In all the Craniotes the soft, indifferent cells of the mesoderm, which originally compose the skeletal plate, are afterwards converted for the most part into cartilaginous cells, and these secrete a firm and elastic intercellular substance between them, and form cartilaginous tissue. Like most of the other parts of the skeleton, the membranous rudiments of the vertebrae soon pass into a cartilaginous state, and in the higher Vertebrates this is afterwards replaced by the hard osseous tissue with its characteristic stellate cells (Figure 1.6). The primary axial skeleton remains a simple chorda throughout life in the Acrania, the Cyclostomes, and the lowest fishes. In most of the other Vertebrates the chorda is more or less replaced by the cartilaginous tissue of the secondary perichorda that grows round it. In the lower Craniotes (especially the fishes) a more or less considerable part of the chorda is preserved in the bodies of the vertebrae. In the mammals it disappears for the most part. By the end of the second month in the human embryo the chorda is merely a slender thread, running through the axis of the thick, cartilaginous vertebral column (Figures 1.182 ch and 2.329 ch). In the cartilaginous vertebral bodies themselves, which afterwards ossify, the slender remnant of the chorda presently disappears (Figure 2.330 ch). But in the elastic inter-vertebral disks, which develop from the skeletal plate between each pair of vertebral bodies (Figure 2.329 li), a relic of the chorda remains permanently. In the new-born child there is a large pear-shaped cavity in each intervertebral disk, filled with a gelatinous mass of cells (Figure 2.331 a). Though less sharply defined, this gelatinous nucleus of the elastic cartilaginous disks persists throughout life in the mammals, but in the birds and most reptiles the last trace of the chorda disappears. In the subsequent ossification of the cartilaginous vertebra the first deposit of bony matter ("first osseous nucleus") takes place in the vertebral body immediately round the remainder of the chorda, and soon displaces it altogether. Then there is a special osseous nucleus formed in each half of the vertebral arch. The ossification does not reach the point at which the three nuclei are joined until after birth. In the first year the two osseous halves of the arches unite; but it is much later--in the second to the eighth year--that they connect with the osseous vertebral bodies.

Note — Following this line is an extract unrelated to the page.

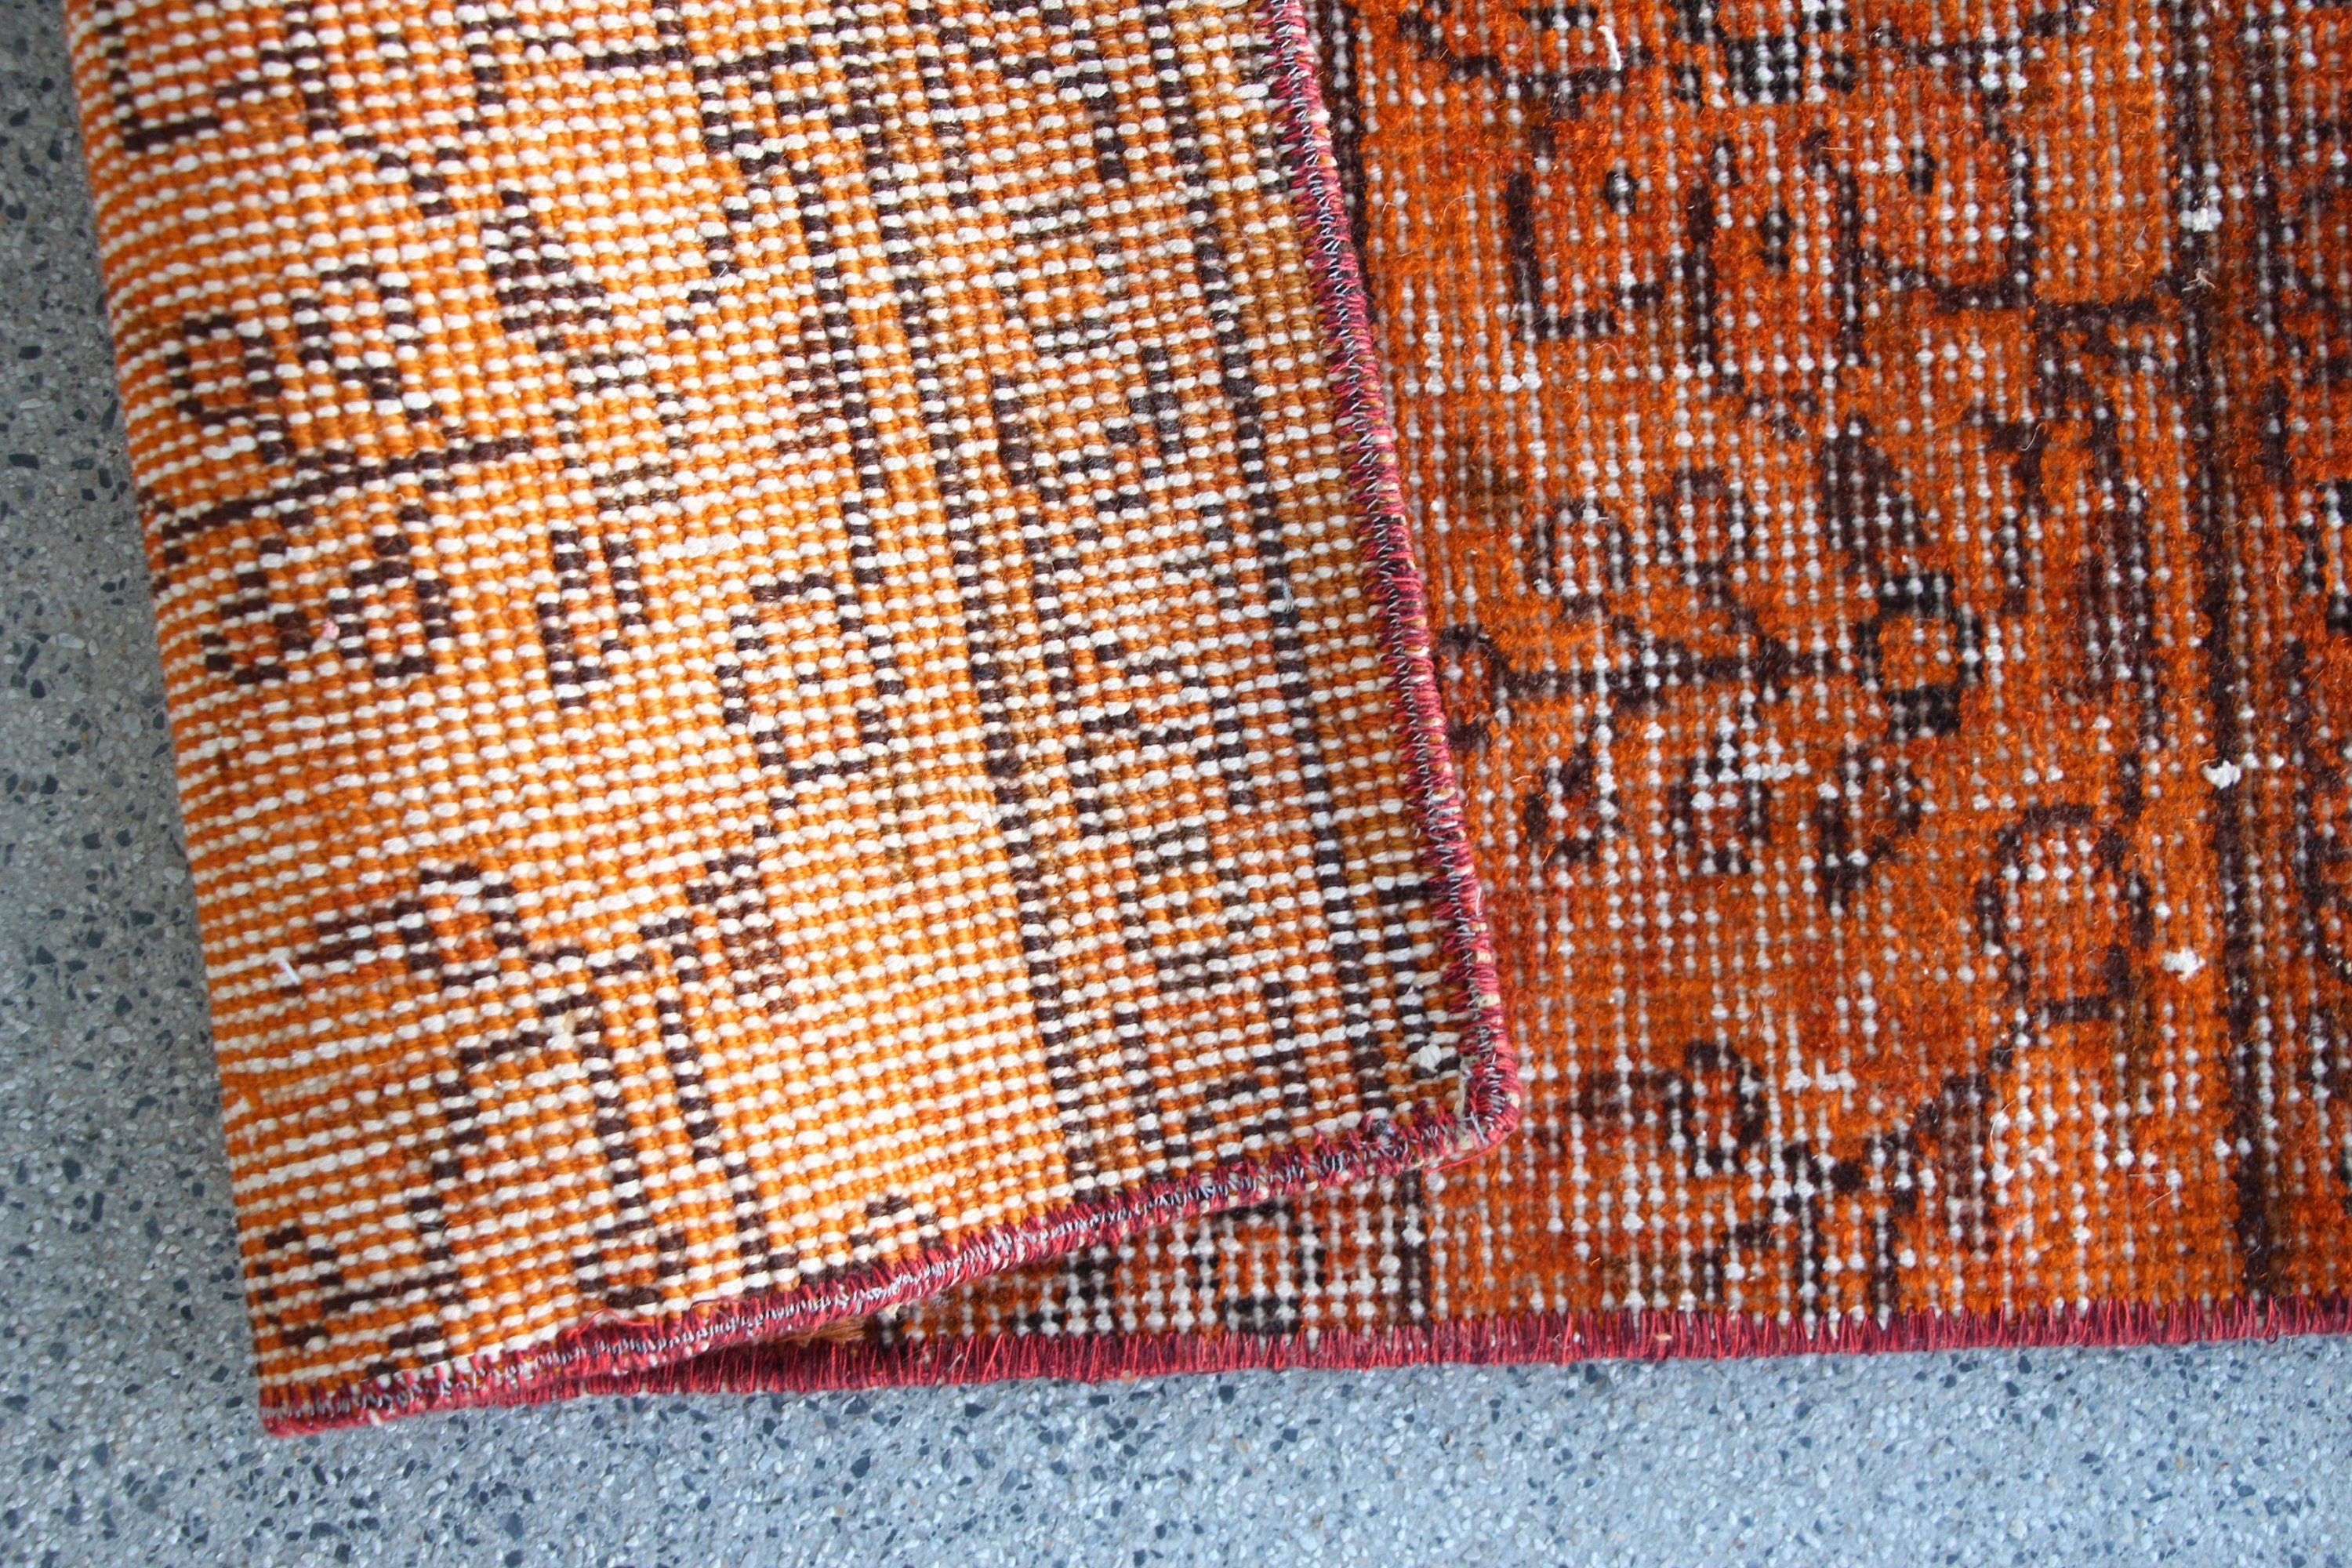 Bath Rugs, Kitchen Rug, Vintage Rugs, Distressed Rug, 2.1x3.9 ft Small Rug, Turkish Rugs, Orange Antique Rugs, Home Decor Rug, Wool Rugs

(FIGURE 2.336. Skeleton of the breast-fin of Ceratodus (biserial feathered skeleton). A, B, cartilaginous series of the fin-stem. rr cartilaginous fin-radii. (From Gunther.)

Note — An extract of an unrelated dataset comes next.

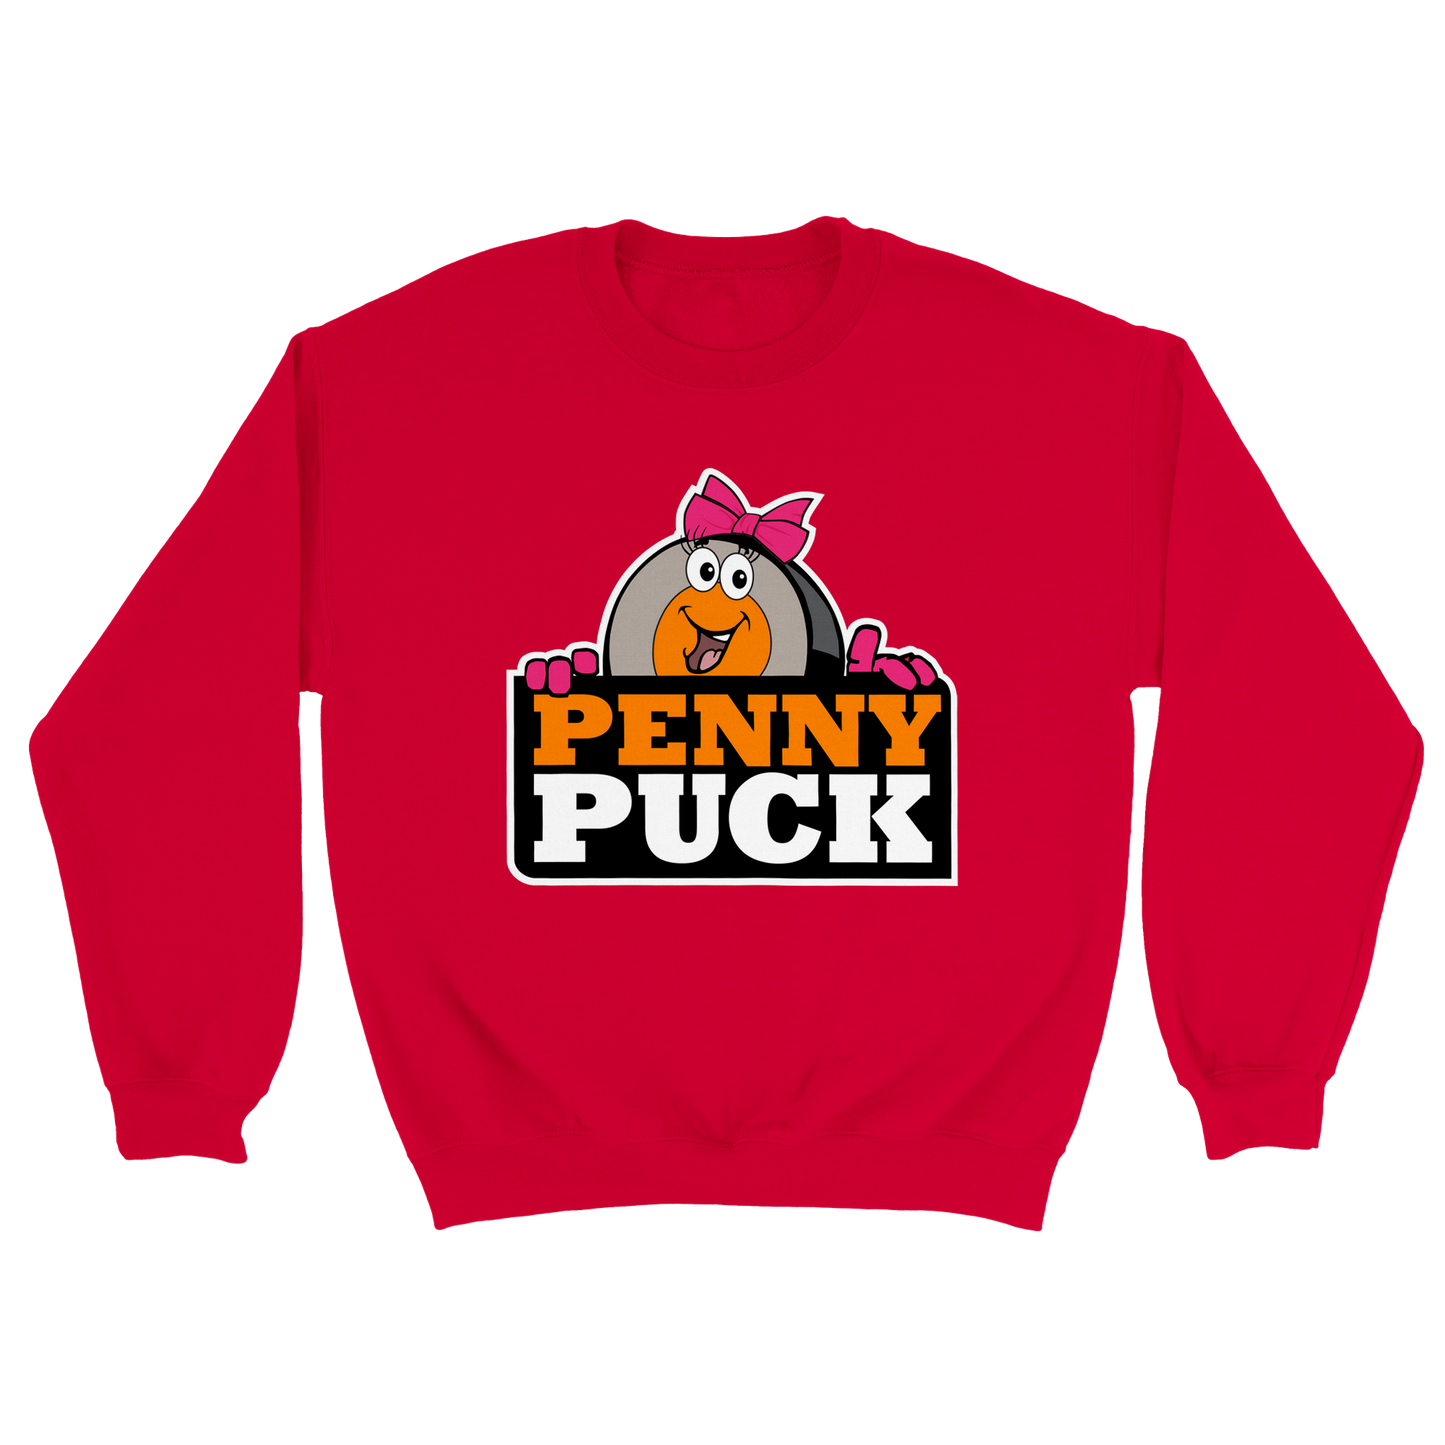 Penny Puck Peek Mens Classic Crewneck Sweatshirt

FIGURE 2.337. Skeleton of the breast-fin of an early Selachius (Acanthias). The radii of the median fin-border (B) have disappeared for the most part; a few only (R) are left. R, R, radii of the lateral fin-border, mt metapterygium, ms mesopterygium, p propterygium. (From Gegenbaur.)

FIGURE 2.338. Skeleton of the breast-fin of a young Selachius. The radii of the median fin-border have wholly disappeared. The shaded part on the right is the section that persists in the five-fingered hand of the higher Vertebrates.